Sunday, September 28, 2008

If we must spend the money...

Along the waterfront, Seattle is blessed with a stretch of 1950's era elevated highway known as the Alaskan Way Viaduct. Ugly as sin, it soaks up a good-sized chunk of waterfront real estate that developers lust after, and high on the list of "things likely to pancake in the next big quake" - the Viaduct, we are told, must be replaced ASAP.

However, it works. It diverts industrial traffic off of I-5, a fair number of commuters, and any plan (except in car-free fantasies) needs to figure out where those vehicles will go during construction and when the party is finally over, leaving us with something new and different.

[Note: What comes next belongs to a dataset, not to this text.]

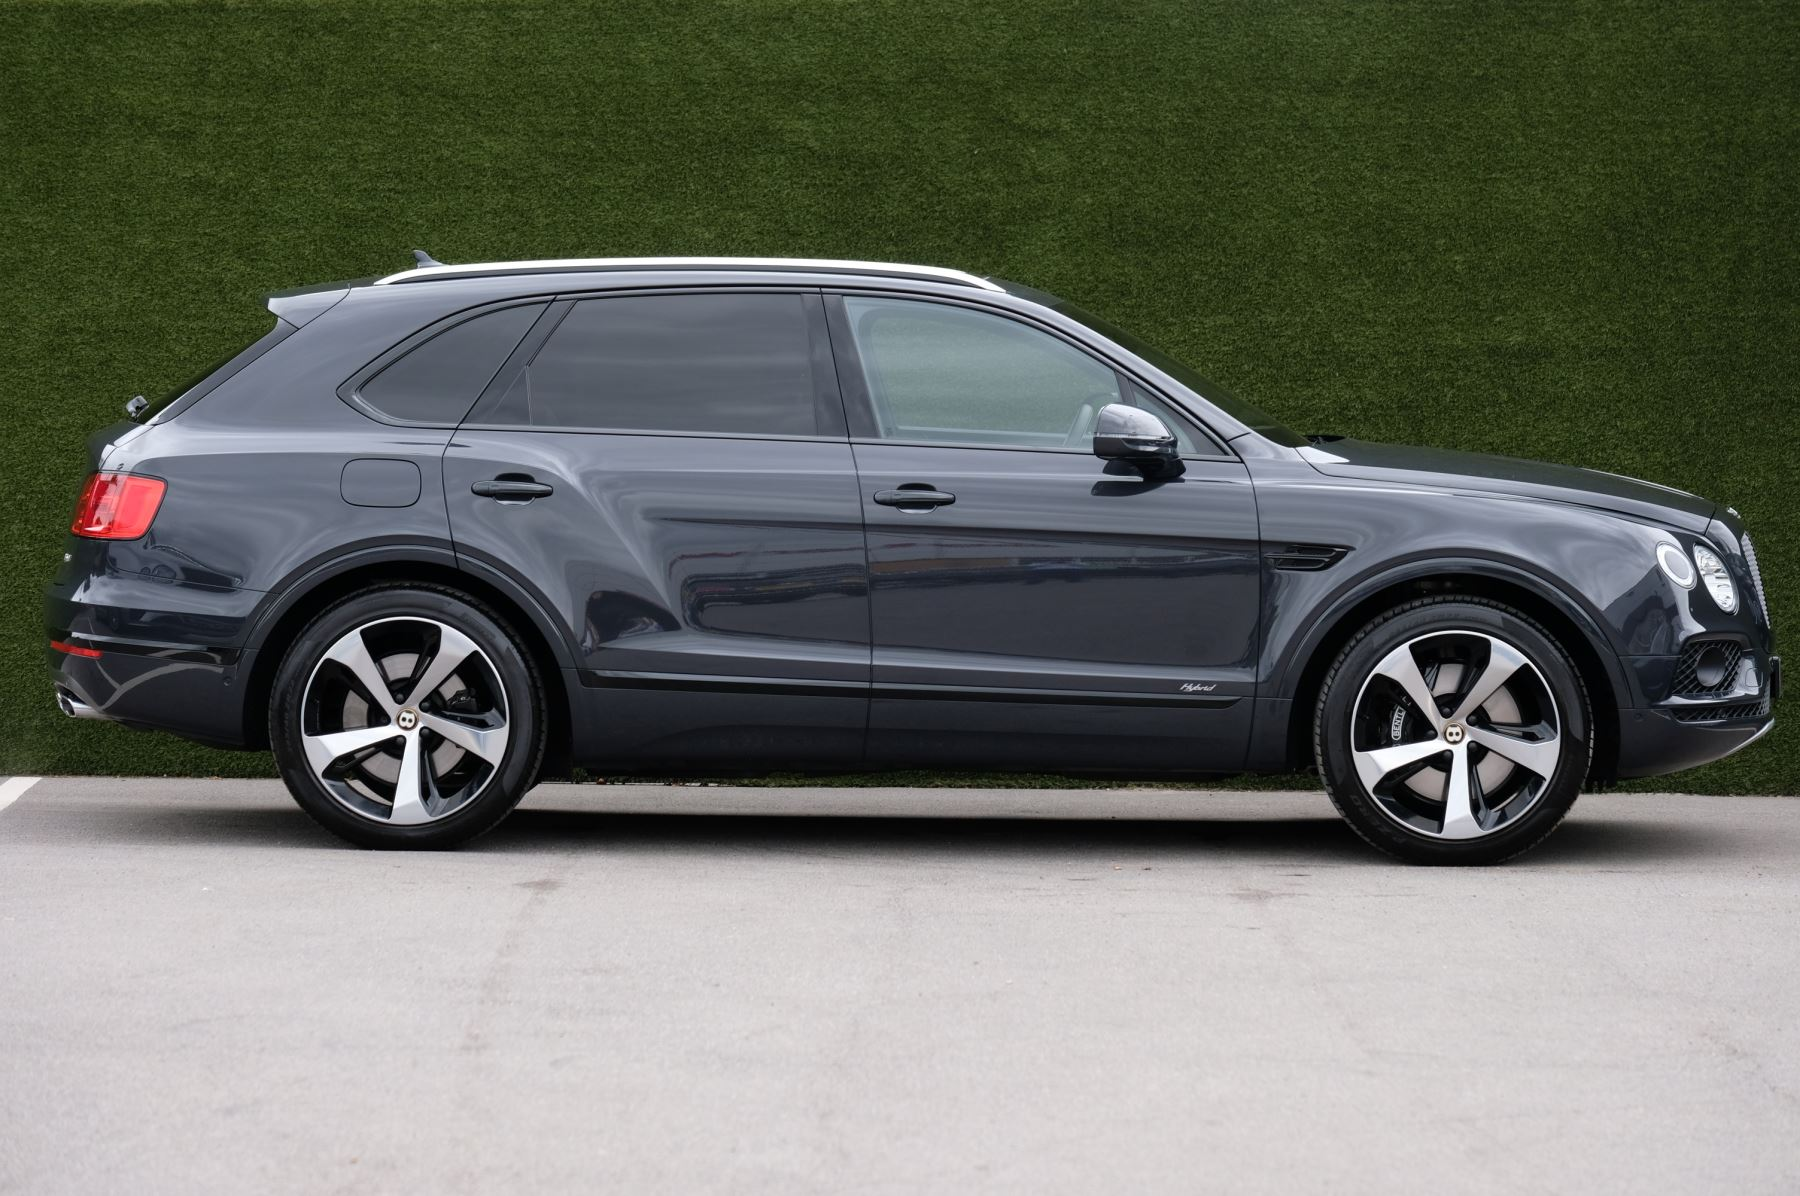 Bentley Bentayga Hybrid 3.0 V6 5dr image 3

While I'm not entirely sure that it's a "right now" kind of thing, folks have been mulling replacement options over for several years, and it appears inevitable that some kind of big project to "fix the viaduct" is going forward at some point "real soon now". Given that large highway structures going "splat" is usually a bad thing, I can understand a certain urgency....though with the current economy, I'm none to eager about the whole notion.

The first main option, beloved of our loonie Mayor Greg Nickels, is the "surface option" - knock over the viaduct and run all those semi's and cars through the downtown. This will assist in his efforts to discourage driving through increased misery, forcing the unwilling onto mass transit out of sheer pain avoidance.

The next option, refurbishing the Viaduct, offers the joys of spending *just as much* money as any of the other options (if not more), with no additional benefits. Same ugly critter, just less likely to go splat in the next quake. This is currently a long shot, as virtually nobody likes it.

The pet of the GOP candidate for Governor, Dino Rossi, is to replicate Boston's Big Dig along the Seattle Waterfront - complete with leaks and floods. And pretty darned expensive, too. Fortunately, the DEM Gov. has been waffling, so we've not yet seen how she'll outdo Rossi in the boondoggle Olympics.

So far, the least horrid option with a modicum of splat-resistance and a splash of sanity (i.e., preserving or expanding carrying capacity), was fowarded by Wa. Speaker of the House Frank Chopp - he who must not be peeved, for he may view you as small, crunchy, and tasty with ketchup. A mega-viaduct with retail below and a park on top - and best of all, likely to make Mayor Nickels head explode, along with the entrenched anti-car and liberal elite crowds...

Now if we can get a Gun-O-Rama installed on the retail level, it'll be perfect....

1 comment:

MauserMedic said...

I had to drive that thing a couple of time before deploying this year. If you're not local, figuring out how to jockey for position off of it is more challenging than any of the driving in Iowa. But at least once you're off of it, it frees up a lot of area down below.